Great Britain, as a nation, is obsessed with mortar and bricks, but financial experts warn investors of unfavorable days ahead.


This is purely because both, conservative chancellor and the Bank of England tried to eliminate the property bubble market that has been core reason for inflation in the nation. Since April 2016, new tax related forces have been implied, only to bring bad news for landlords. Read along to find out four ways that has led to unfavorable tax changes for buy to let landlords:

There is stamp duty on buying secondary properties

Do you have any property besides your primary home? Well, if so—the stamp duty for any such property has mounted. If you have buy to let properties that is worth more than 40,000 UK pounds, stamp duty applicable on them is an additional 3 percent. So say, if your buy to let property investment is 500,000 UK pounds, your stamp duty will be 6 percent (30,000 pounds!)

There is income tax relief on mortgage interest cut

Up till now, the tax reliefs on mortgage interest for buy to let landlords was around 45 percent (marginal rate of the income tax), it is now only at 20 percent. For basic rate tax payers, this is no change, however, it has increased income tax substantially.

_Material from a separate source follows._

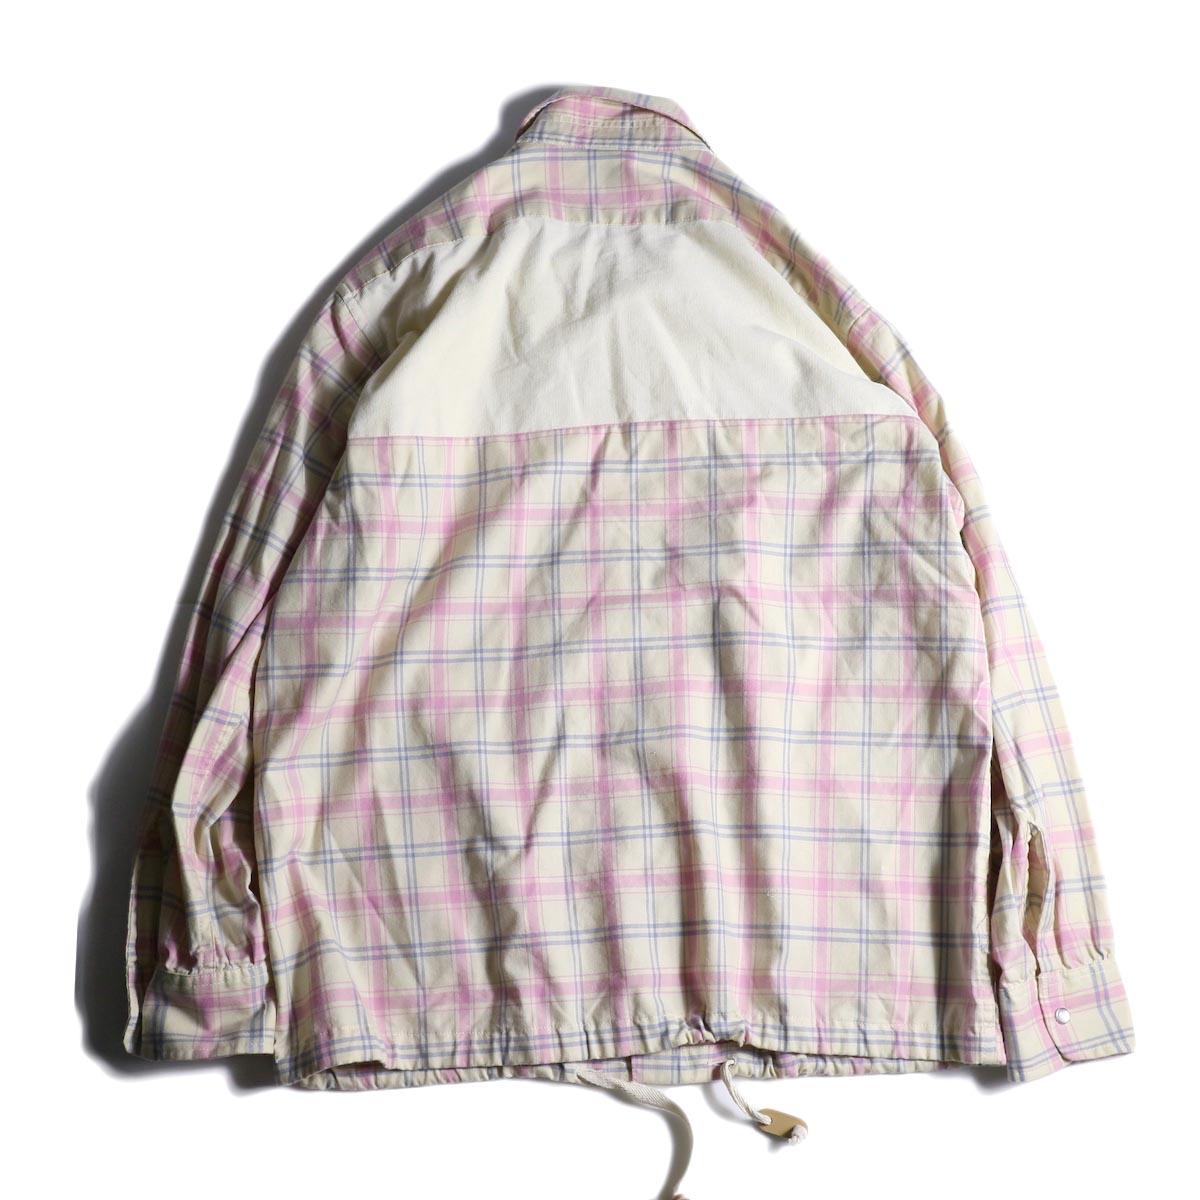 AiE / Coach Shirt -Cotton Plaid 背面
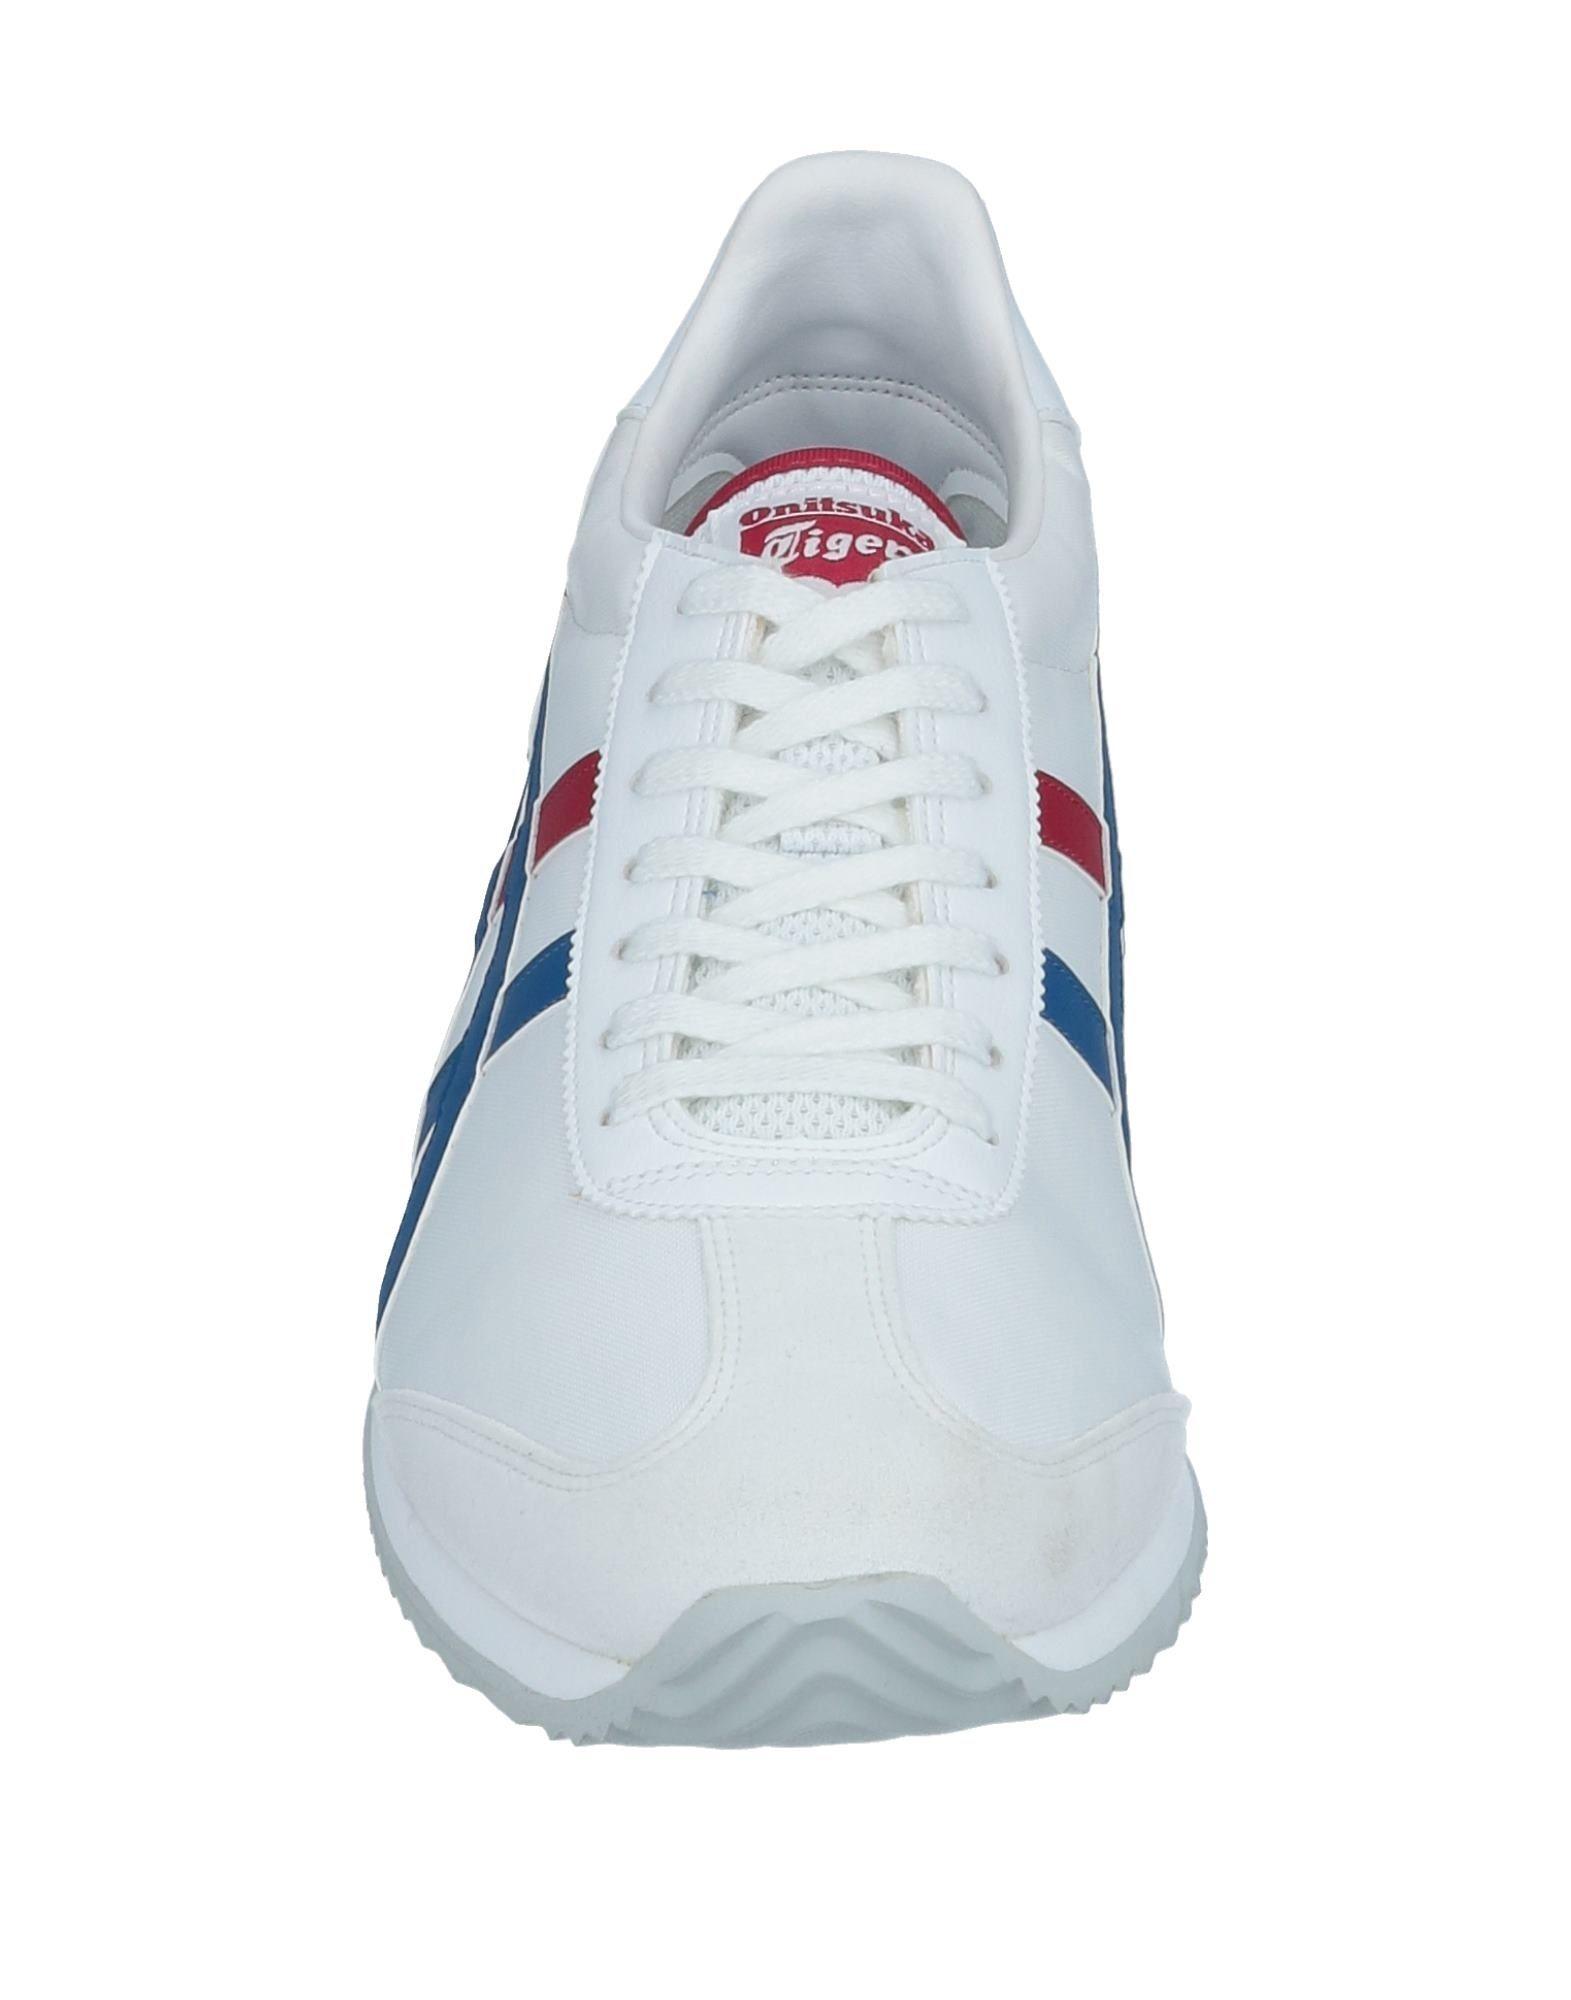 Rabatt Sneakers echte Schuhe Onitsuka Tiger Sneakers Rabatt Herren  11549653UF fa9272

There is tax on buy to let turnover—not on income

This might not be an oblivious change, but it sure is a crafty one. This tax makes sit expensive for buy to let landlords. Let’s look in to an example to comprehend the tax: X is a buy to let landlord who currently rents out a house worth 250,000 pounds and earns a gross rental income of around 4 percent. So, that leaves him with 10,000 pounds in a year from rental income. Before the tax being implied, X could deduct 10 percent for the wear and tear, without being accountable for any bills. However, now he needs to have a proof in order to show any expenses incurred for maintenance. Let’s assume, X did not pay a single penny in maintaining the house since it was new. So now, the 10 percent he could have deducted (before new tax implied) can now not be used. With changes in tax, X is still receiving 10,000 pounds from the rental income but paying out 40 percent (4000 pounds) out of it! At the end of the year, X is badly affected by the new tax laws.

The capital gains tax remains unchanged

While capital gains tax remain unchanged, all other investments are now more lucrative. So, if you own a property/house then it still holds attractiveness as there is no capital gains tax if you sell it off. However, for buy to let landlords it is time to switch for other types of investments to look out for better opportunities in the future.